Изменить размер шрифта - +
А мы знаем, что не забудет этого Сталин и не забудет Россия. Мы говорим это с тем спокойствием, которое бывает у старой, накаленной и неодолимой ненависти».

Но одно дело — статья про ненависть, а чтобы прямо в приказе? Да про баб? Однако спорить с гвардейцем Рэм не решился.

— Эй, резерв Верховного Командования! — дернул сзади за гимнастерку Уткин. — Во-первых, кряк, хорош трясти своей кормой перед рожей старших по званию. А во-вторых, товарищи командиры интересуются, тебе часом не выдали в Варшаве курево? По разведданным, там отоваривали «Казбеком».

Рэм отвернулся от окна.

— По одной пачке только дали. Но у меня папирос не осталось. Есть табак пачечный. Достать?

— Валяй. Угостим народ. Твой табачок, моя бумажка. У меня хорошая есть.

Жора вынул какую-то книжку или, может быть, толстую тетрадку в замшевом переплете, выдрал оттуда четыре странички, каждую разорвал пополам, и получилось восемь прямоугольничков, по числу членов компании. Рэм положил на стол пачку «Рекорда», взял одну бумажку себе. Она была тонкая, полупрозрачная — настоящая папиросная, только не чистая, а очень плотно исписанная с обеих сторон. Почерк ровненький, аккуратненький — такой, наверно, и называют бисерным, потому что буковки будто нанизанные на нитку бисеринки.
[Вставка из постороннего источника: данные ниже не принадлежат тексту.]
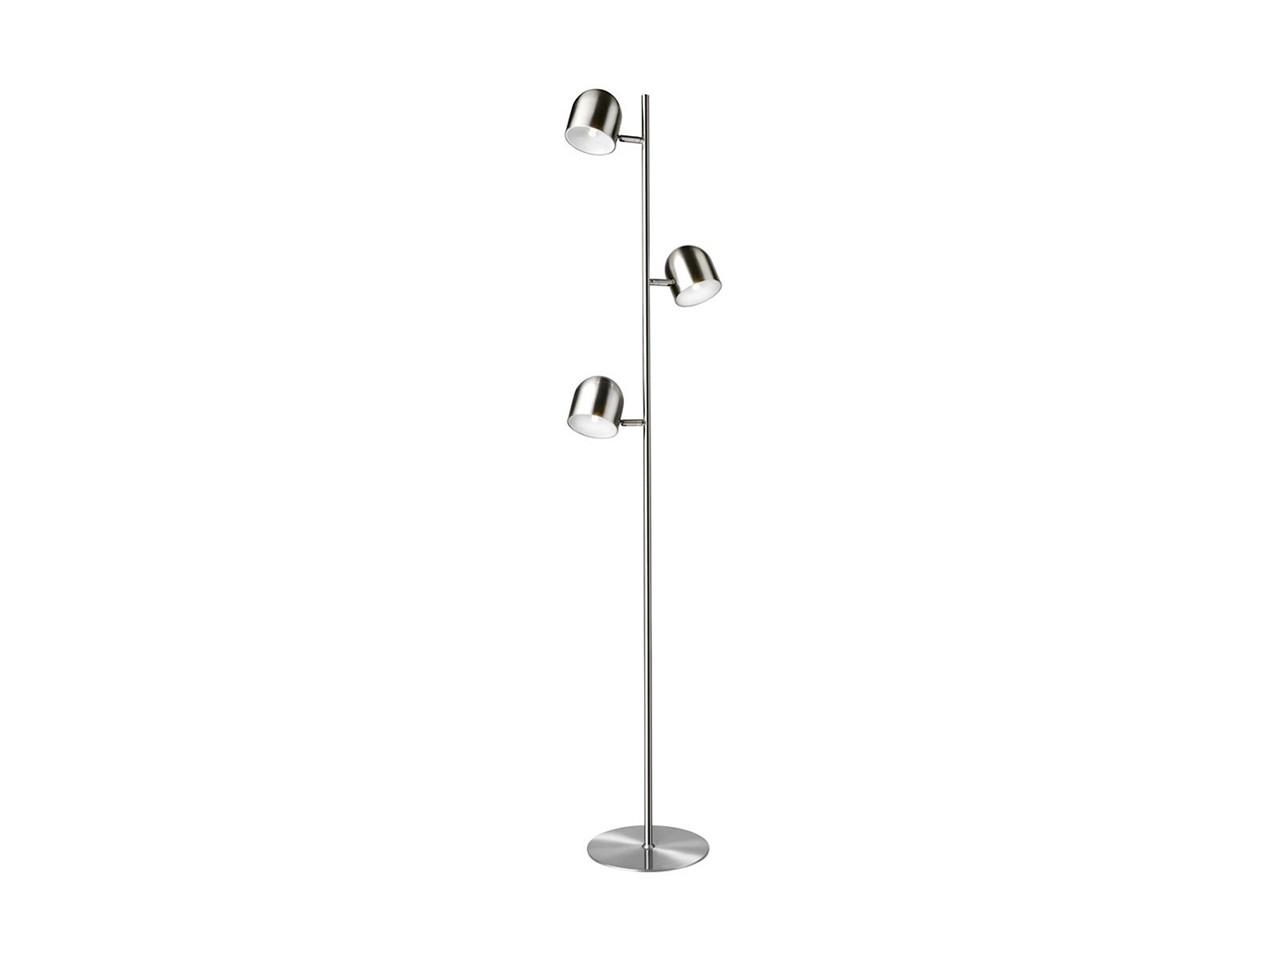 Торшер EllaТоршеры<br>Вид цоколя: встроенные светодиоды&amp;amp;nbsp;&amp;lt;div&amp;gt;Мощность: 3W&amp;lt;/div&amp;gt;&amp;lt;div&amp;gt;Количество ламп: 3 шт&amp;lt;/div&amp;gt;<br><br>Material: Металл<br>Height см: 140<br>Diameter см: 9

У Рэма была привычка читать всё подряд. Отец в детстве, бывало, ругался, что сын застревает у каждого стенда с газетами, у каждого столба с объявлениями.

Сейчас тоже, прежде чем насыпать табаку, Рэм поднес бумажку к глазам. Текст был русский.

«…когда же я оглядываюсь назад, на прожитые годы, особенно жалко мне моих ранних лет, потраченных впустую, на всяческую чепуху. Ах, если бы кто-нибудь, искренне озабоченный моим благом и умеющий помочь, сызмальства направил меня в верную сторону! О, я бы стал не тем, что я есть, а чем-то много лучшим. Я не продирался бы вслепую через колючки, через чащу, а шел бы прямой дорогой и продвинулся бы по ней много далее», — прочитал Рэм и перевернул клочок. С другой стороны было написано: «Меня мутит, когда слышу выражения вроде „самый обычный человек“, „он не хуже других“, „я такой же, как все“. Все люди необычны! Никого ни с кем сравнивать нельзя — кто лучше, а кто хуже! „Такой же, как все“ означает никакой!»

Заинтересовавшись, он взял со стола нетронутую бумажку — артиллерист сказал, что не курит. Прочитал: «Через сто или двести лет людям будет казаться дикостью, что когда-то женская половина человечества считала главным делом своей жизни вырастить и воспитать детей — будто курица, высиживающая яйца, или волчица, учащая волчат охотиться. Как можно было тратить свою бесценную жизнь на то, что у тебя скорее всего хорошо не получится? И как можно было разрешать матерям, не обученным самому важному из знаний, педагогике, портить детей? Мы будем казаться нашим потомкам такими же варварами, какими нам сегодня кажутся люди средневеко…»

— Жор, откуда тетрадка? — спросил Рэм.

Он отсел на край, поменявшись с лейтенантом, потому что Уткин затеял играть в очко на злотые. Тем, кто выписался из госпиталей, выдали командировочные местной валютой, и что с нею делать, никто не знал. А у Рэма денег не было, и карт он не любил.

У Жоры из угла в угол рта ходила самокрутка.

— А? Костька, банкуешь?

— Где, говорю, тетрадью разжился?

— Под Варшавой, перед тем как ранило. Траншею у фрицев взяли. Там штабной блиндаж… Еще! …Выходит эсэсман с поднятыми руками… Еще одну! …И по-русски: «Не стрэляйте, товарыщ, я нэмецки антыфашыст». Умора, кряк! Черепушка на фуражке, молнии, все дела, вот такая ряха, стеклышки на носу.